Task objective
Reproduce the data exactly and drop any pictures it holds.

Dataset extract
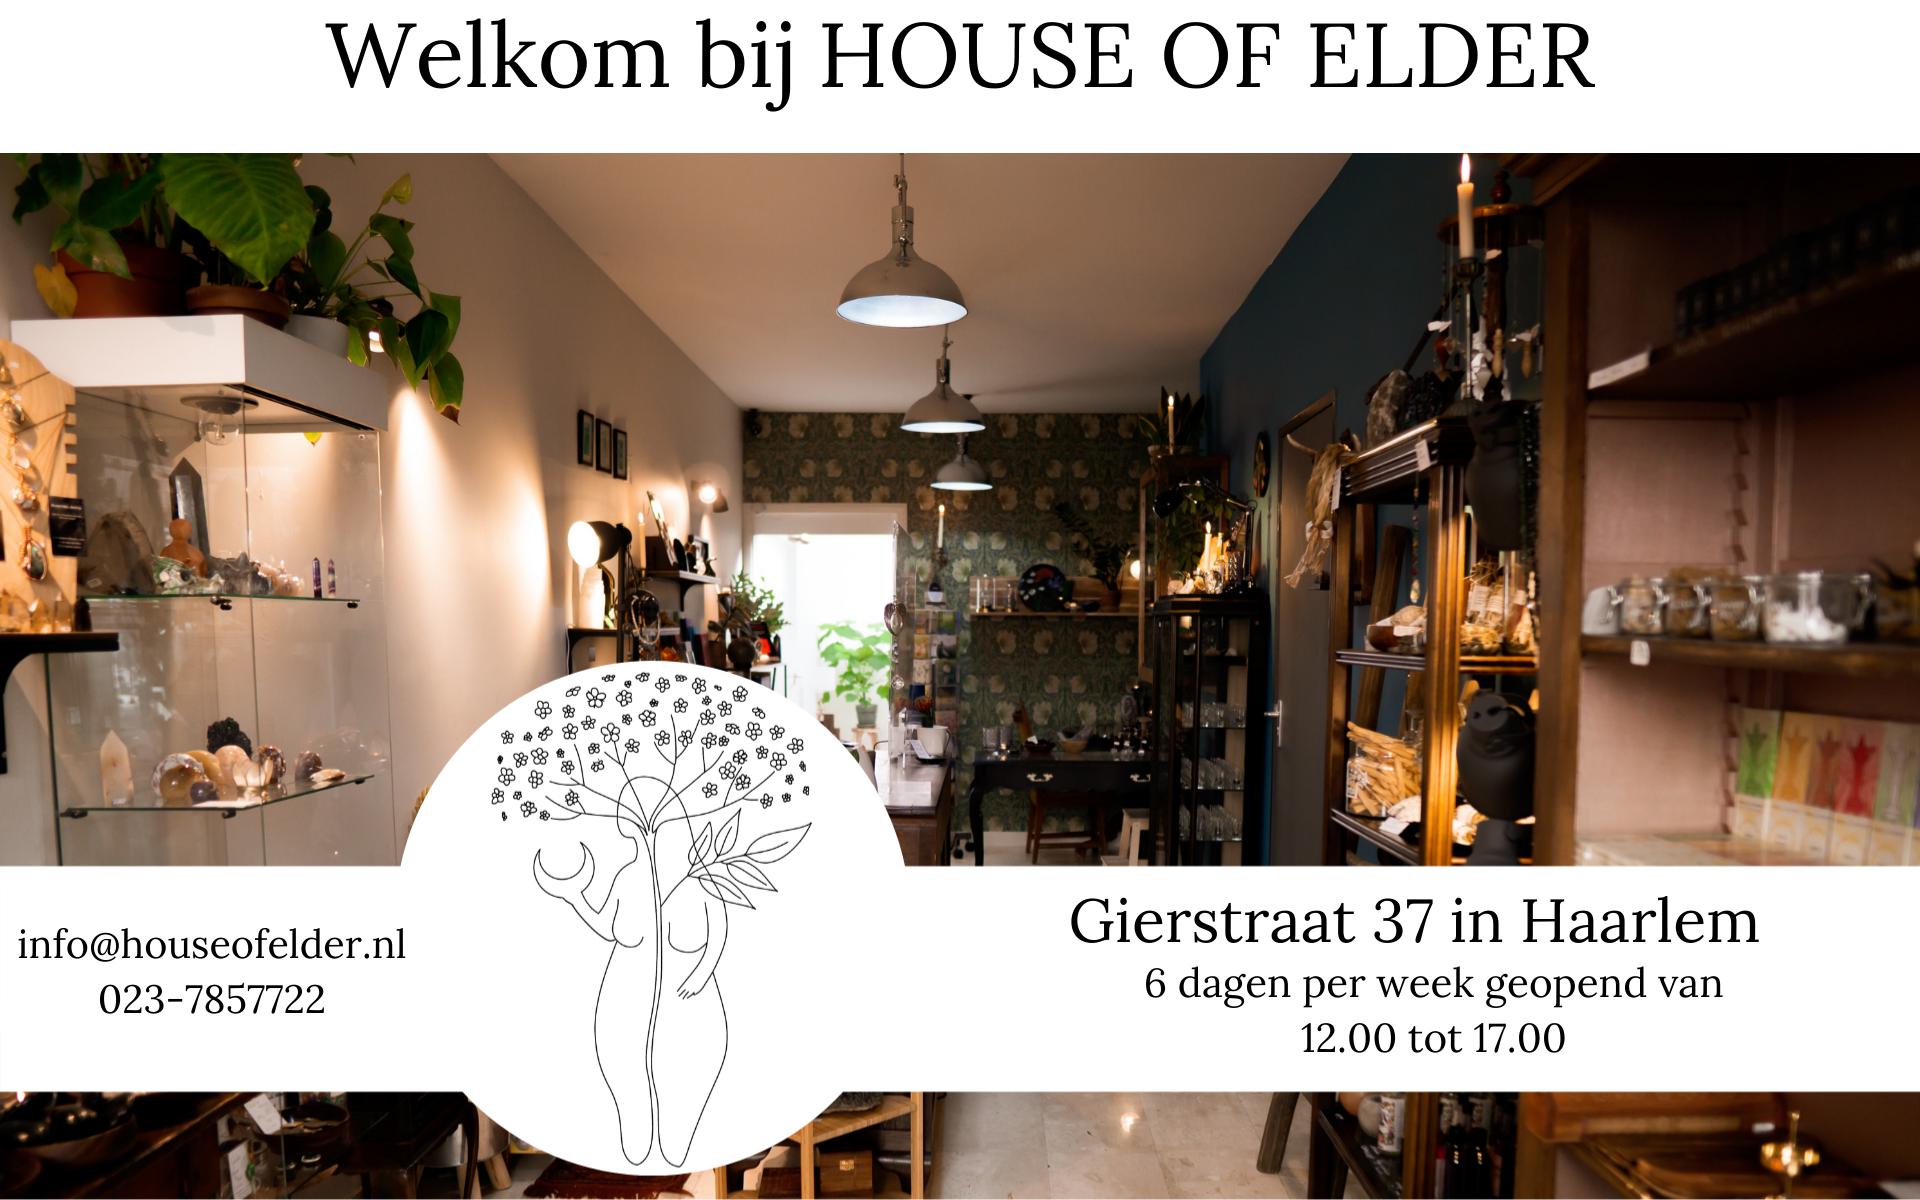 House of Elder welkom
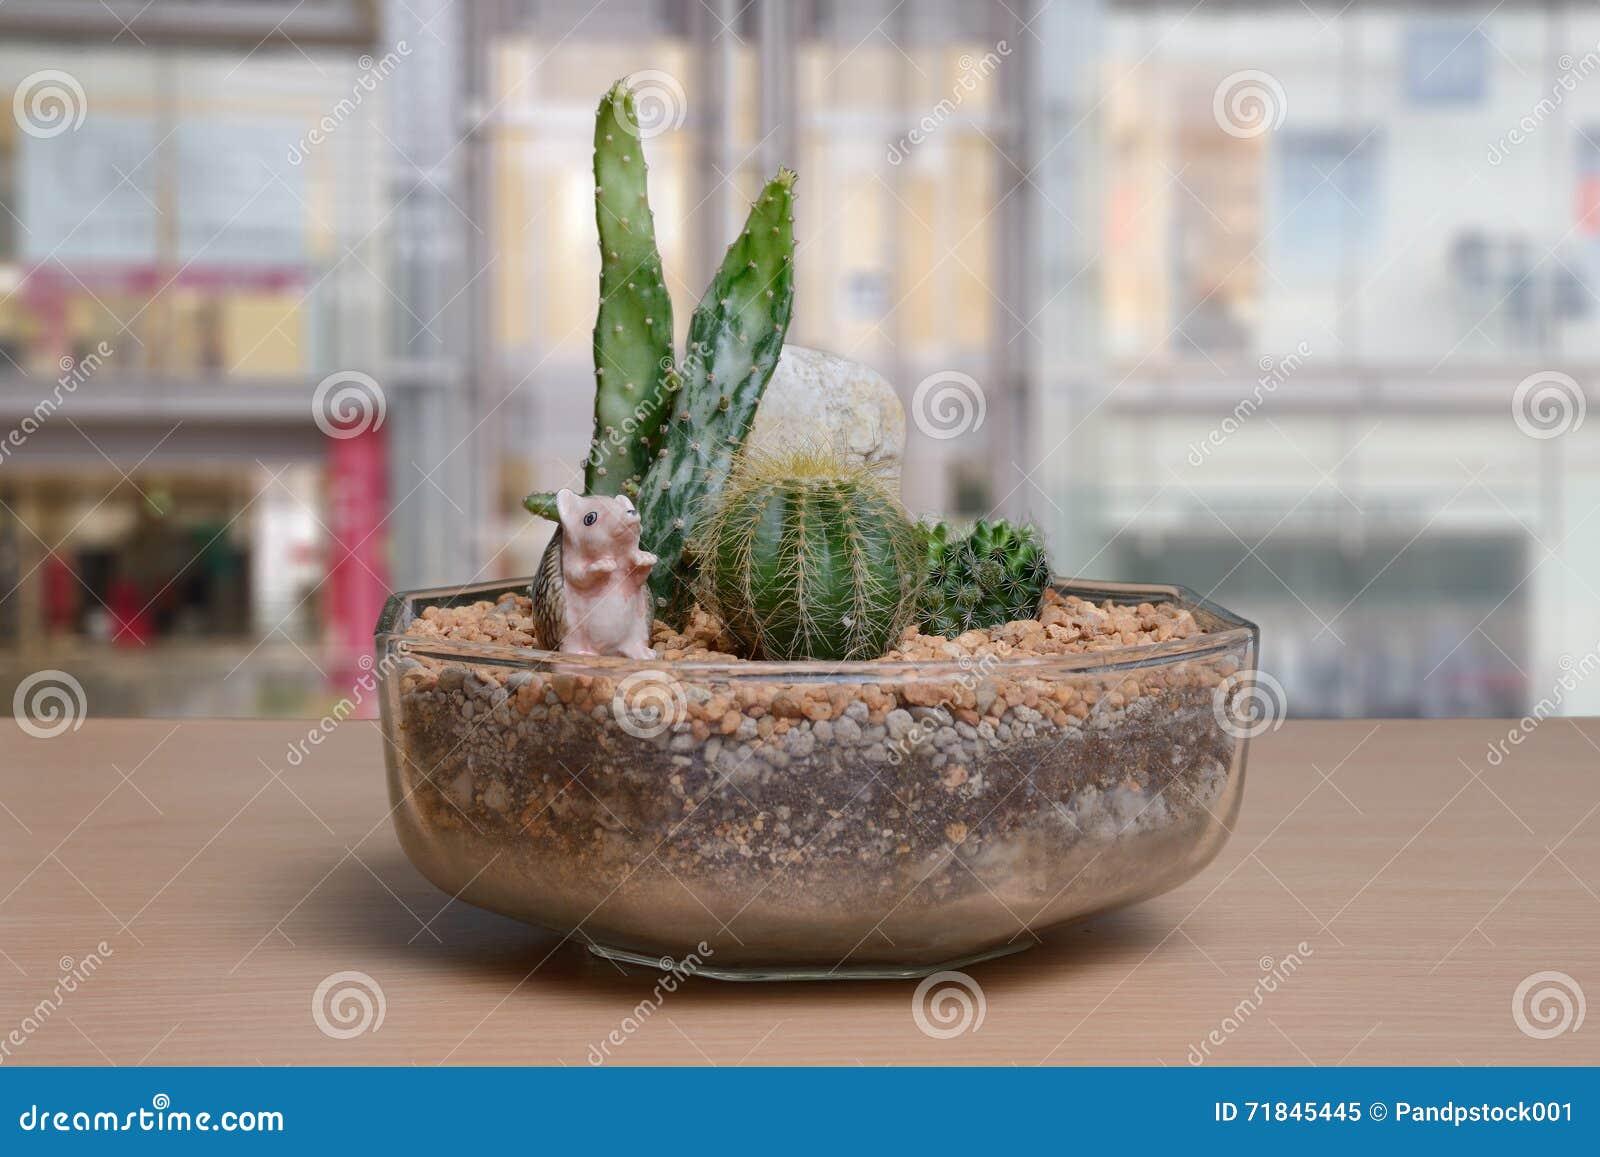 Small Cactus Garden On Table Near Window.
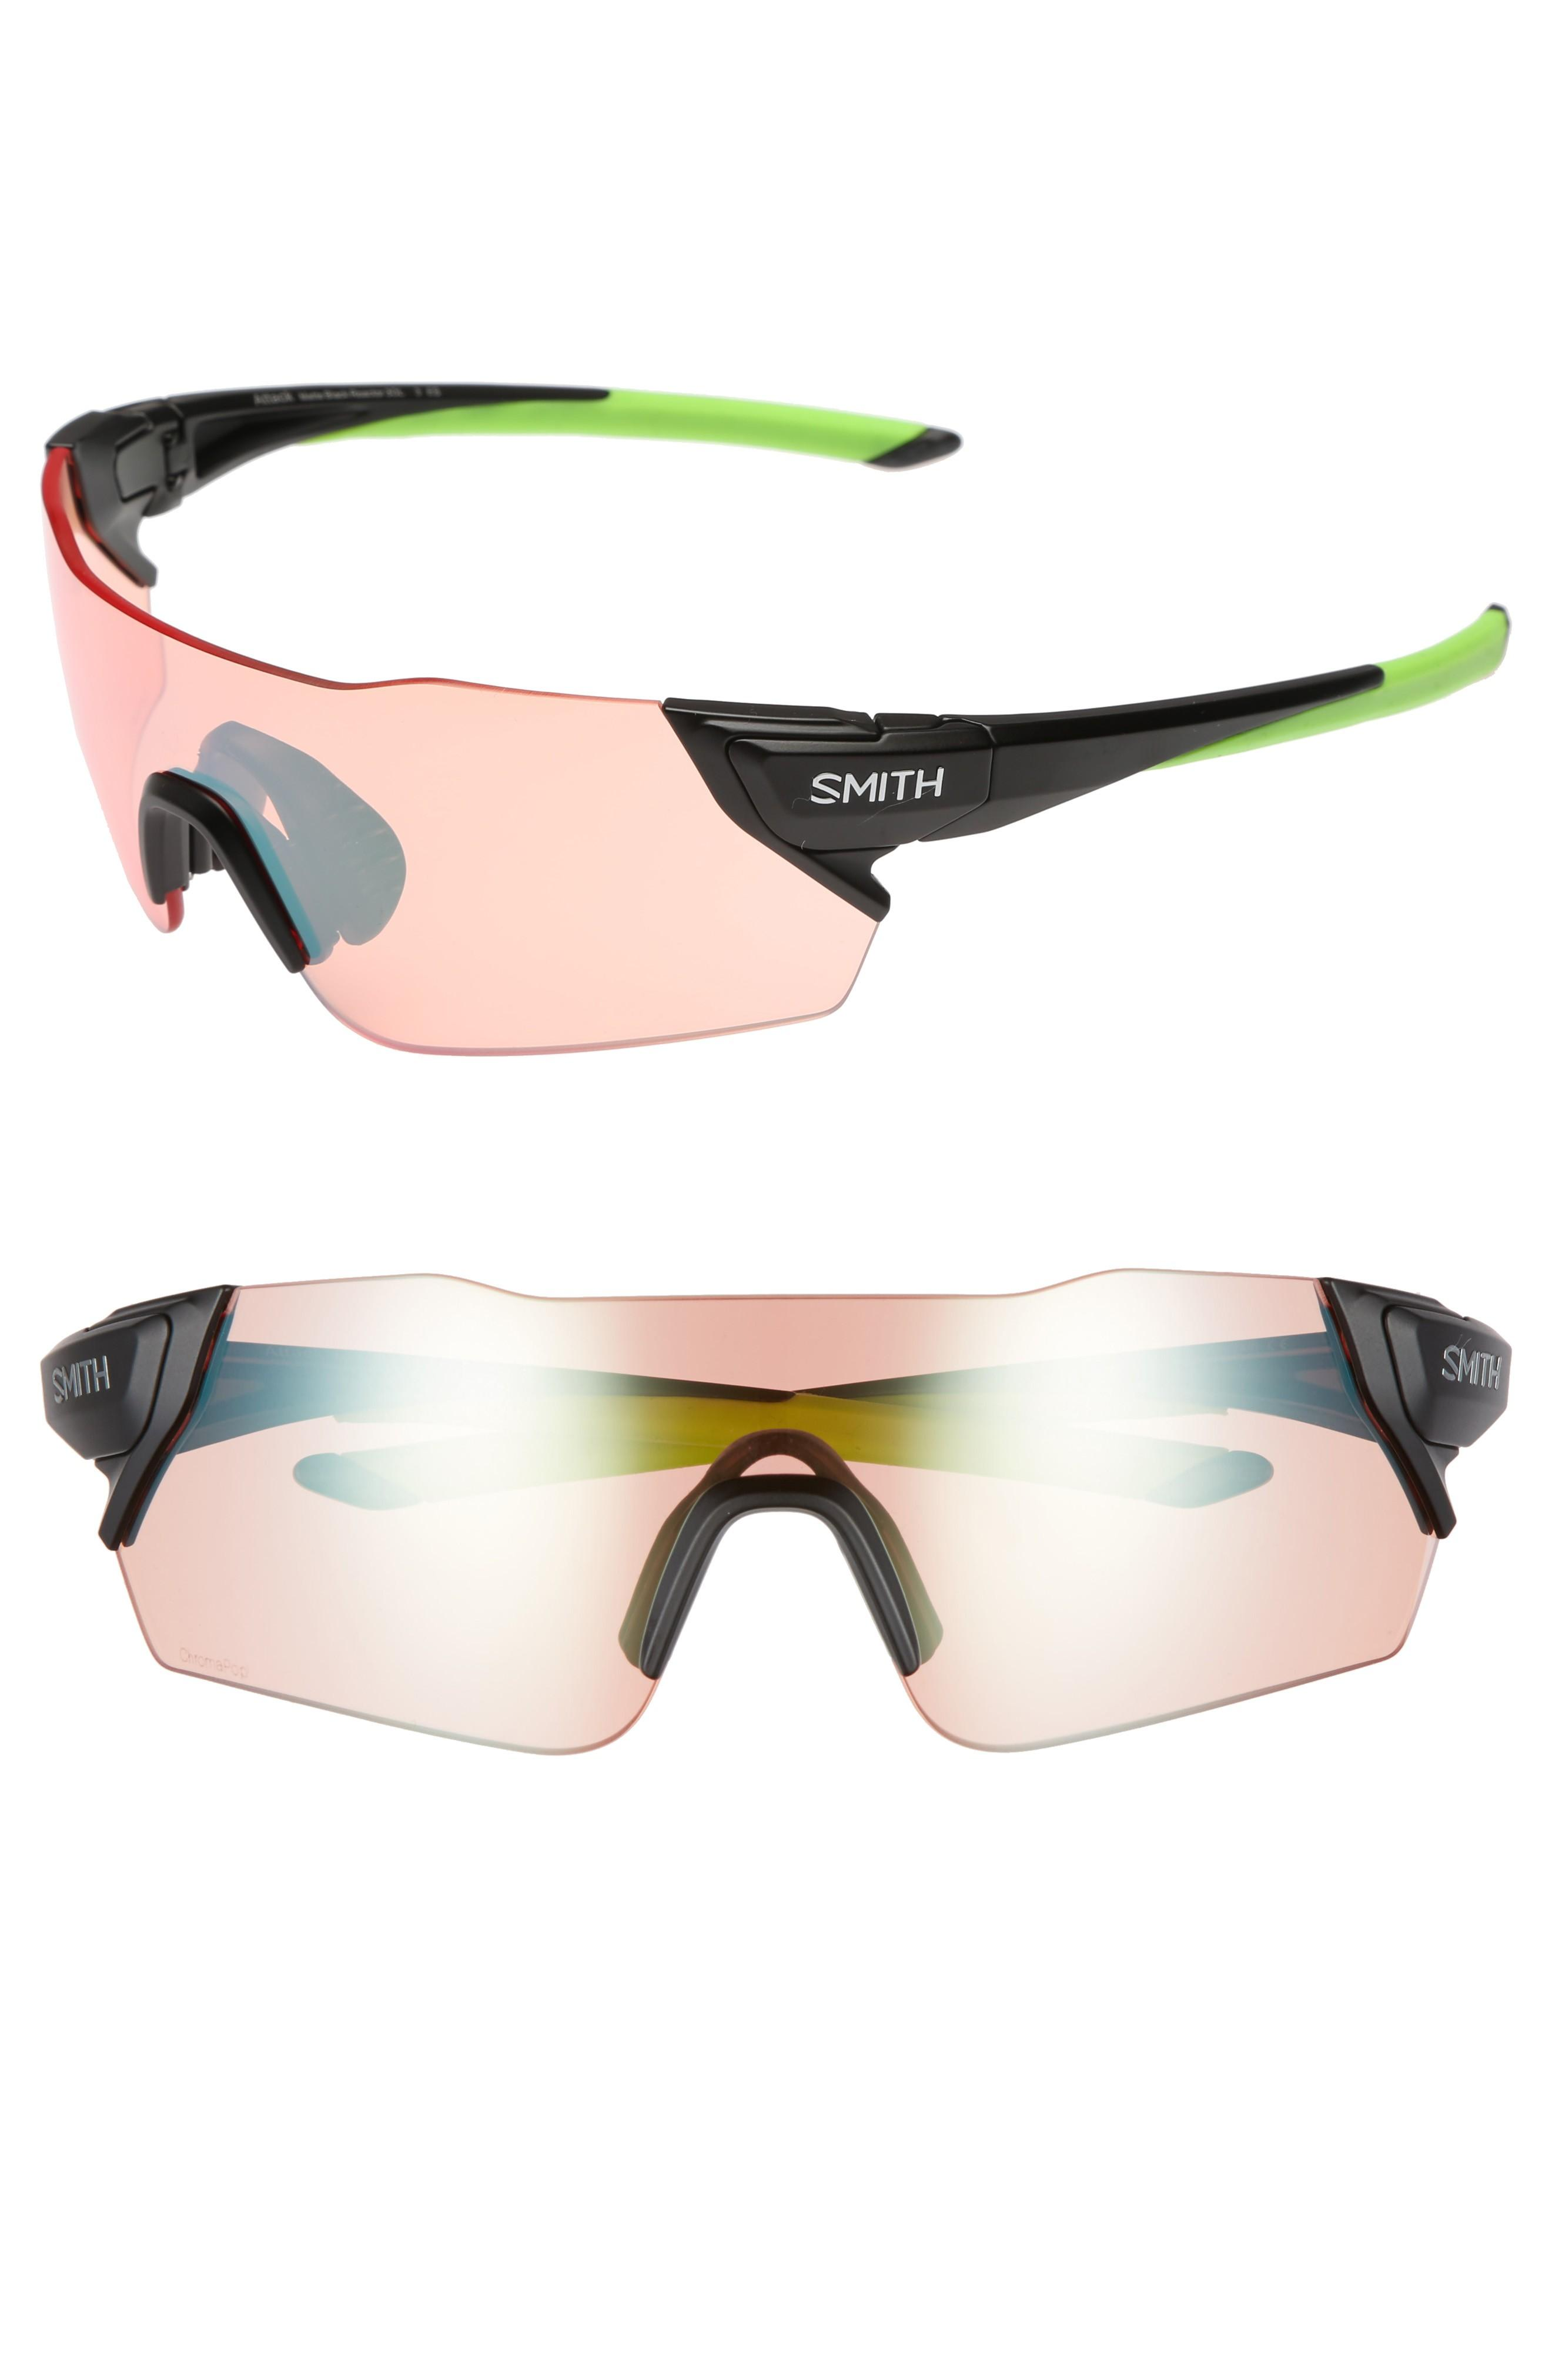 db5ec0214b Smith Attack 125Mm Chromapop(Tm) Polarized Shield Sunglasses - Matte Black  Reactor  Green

Task result
 House of Elder welkom
 Small Cactus Garden On Table Near Window.
 db5ec0214b Smith Attack 125Mm Chromapop(Tm) Polarized Shield Sunglasses - Matte Black  Reactor  Green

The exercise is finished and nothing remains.